RATIO:  scale that has equal intervals and an absolute 0; "one can add, subtract, multiply, and divide and one can say something is twice as much as something else, for example, a ruler." (Newman and Newman)

 

RELIABILITY:  the consistency of the test measure (e.g. the test, no matter what it is measuring, will produce the same value or one very close to it every time it is used (For example:  A very reliable test has a high test-retest reliability rate--in which the same test takers fall in the same score range upon re-testing.)

 

1)  Increasing the number of items on a test will increase reliability.

2)  Objective methods of scoring will increase test reliability.

3)  Having a test measure a particular concept is likely to increase the test reliability.  (However, the items should not be interconnected or interdependent.)

4)  The items of a test must be approximately equivalent in item difficulty.

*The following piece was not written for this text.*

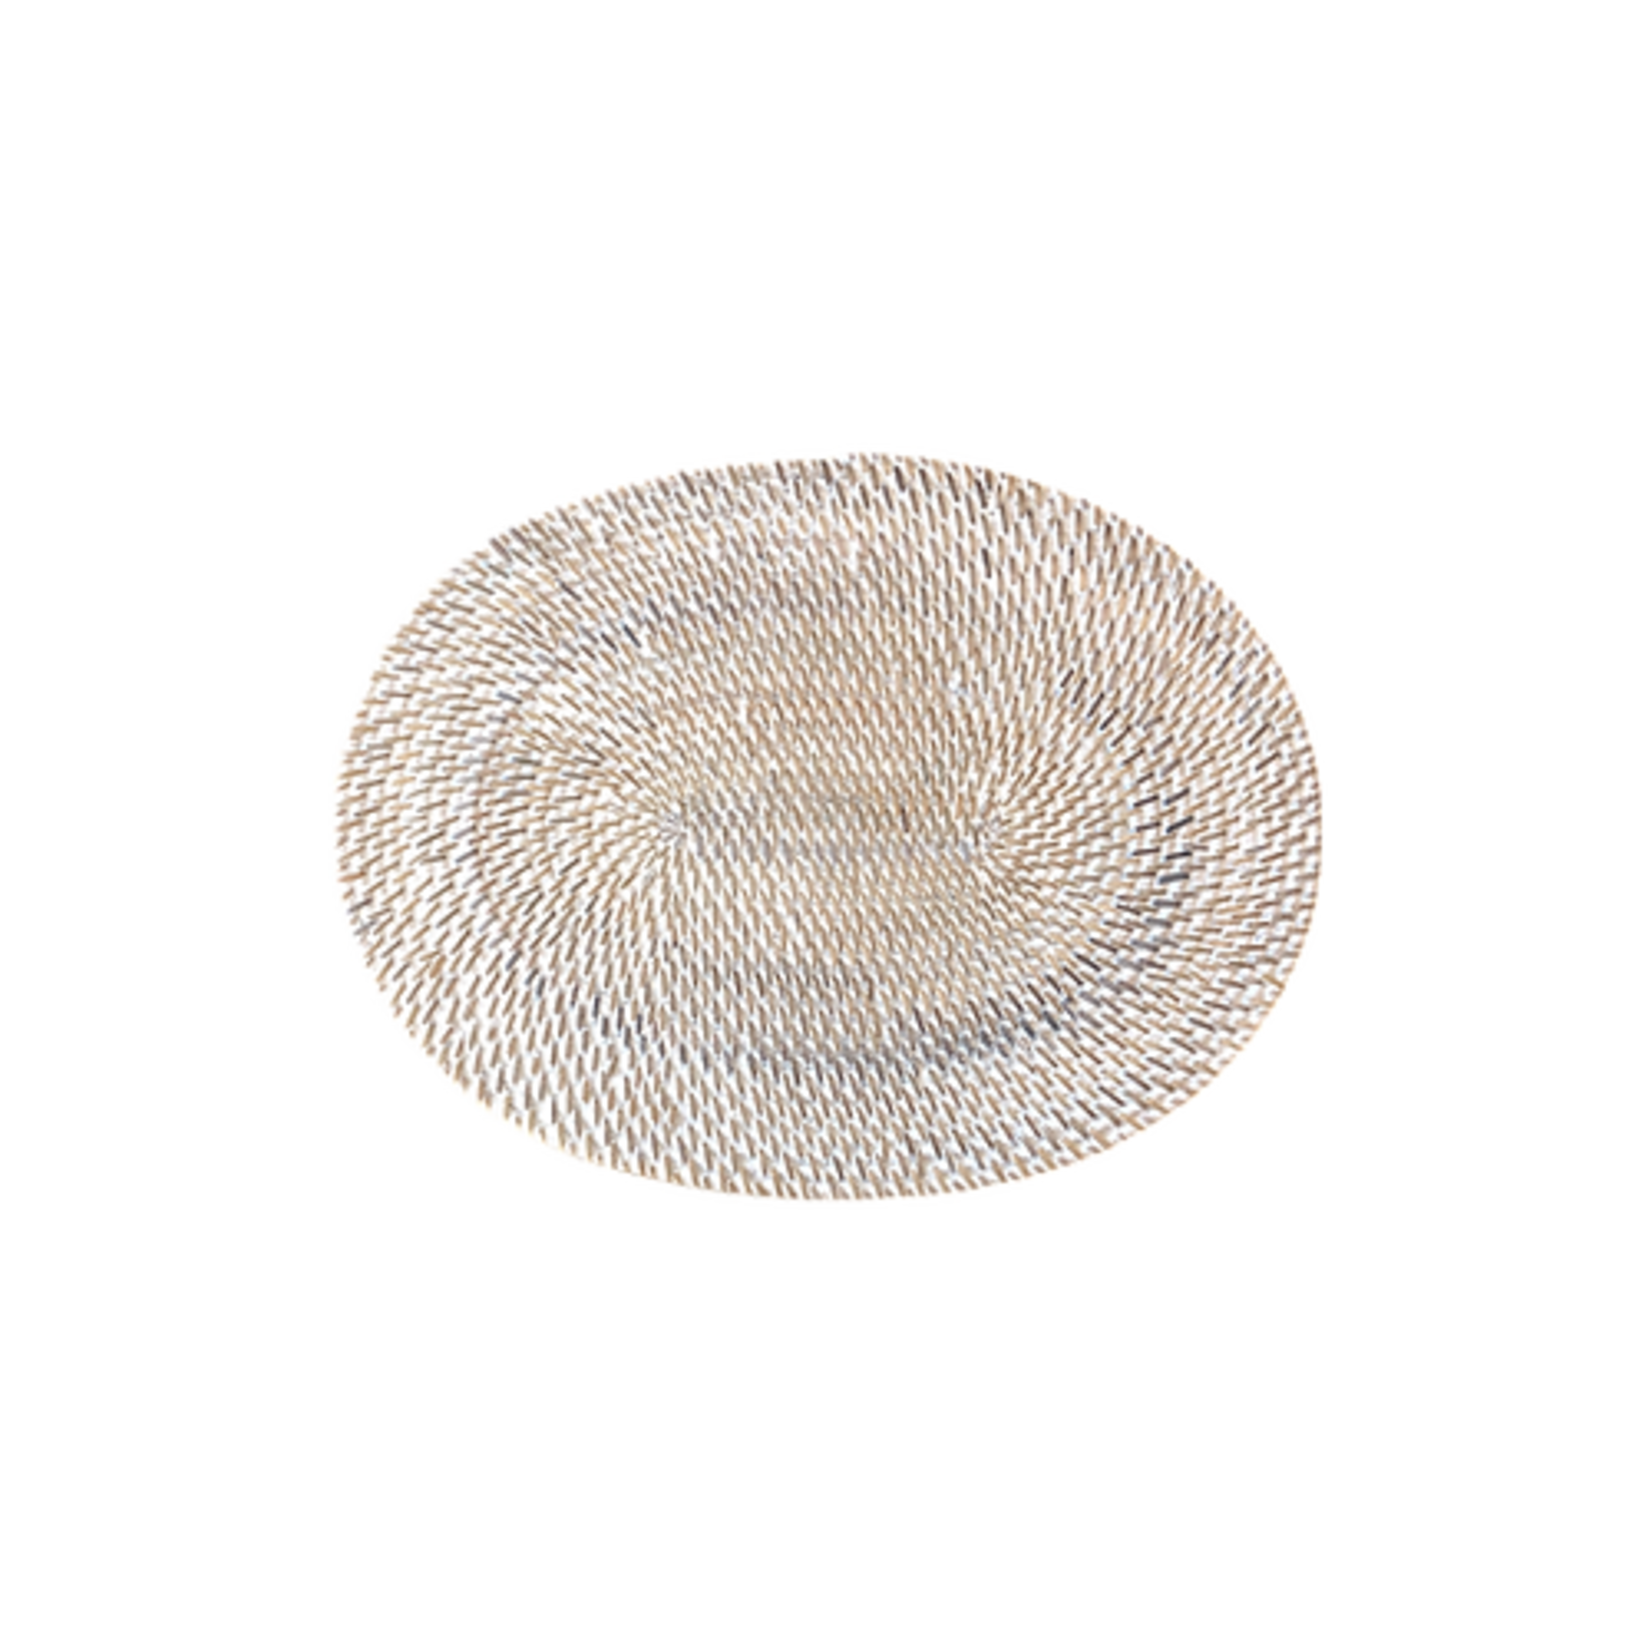 Cantiq Living Ata Placemat Oval - White Washed

5)  Tests should be administered in a standardized manner, without much variability or subjectivity.  (Newman and Newman)

 

SKEWED DISTRIBUTION:  any distribution in which most of the scores are closer to one end or the other (a non-normal or non-symmetrical distribution), with a positive skew with more scores on the lower end of the distribution (e.g. more low scores than high scores) and a negative skew with more scores on the high end of the distribution (e.g. more high scores than low scores)

 

STANDARD DEVIATION:  the average amount each individual score differs form the mean of its group, calculated by subtracting the mean from each score and squaring the differences to eliminate negative numbers; the sum of the squares is then divided by the number of people (or scores) and the square root is taken of this quotient; this is the most frequently used estimate of variability

 

STATISTICAL MODEL:  mathematical formulas applied to sets of numbers to find certain results

 

STATISTICAL SIGNIFICANCE:  unlikely to occur by only chance (where chance is defined operationally by some alpha level--which is a subjective decision--usually at .05 or .01 or .001); the probability that something is likely to happen other than by simple chance

 

SUBSTANTIVE HYPOTHESIS (research hypothesis):  suggests that a relationship between two or more variables exists, an idea which is usually to be tested through research

 

TARGET POPULATION:  the group about which information is being drawn, sample

 

THEORY:  a set of constructs and definitions asserting the relationship among certain events or variables in order to predict and explain the relationships between the variables (e.g. as in a cause-and-effect or other relationship)

 

TREND ANALYSIS:  a curve fitting technique in which one tries to reflect the relationship between factors over a number of repeated measures or observations, with some future predictability

 

VALIDITY:  the degree to which a test measures what it was designed to measure

 

1)  face validity:  students' reactions tot he test (the least accurate estimate of a test's validity)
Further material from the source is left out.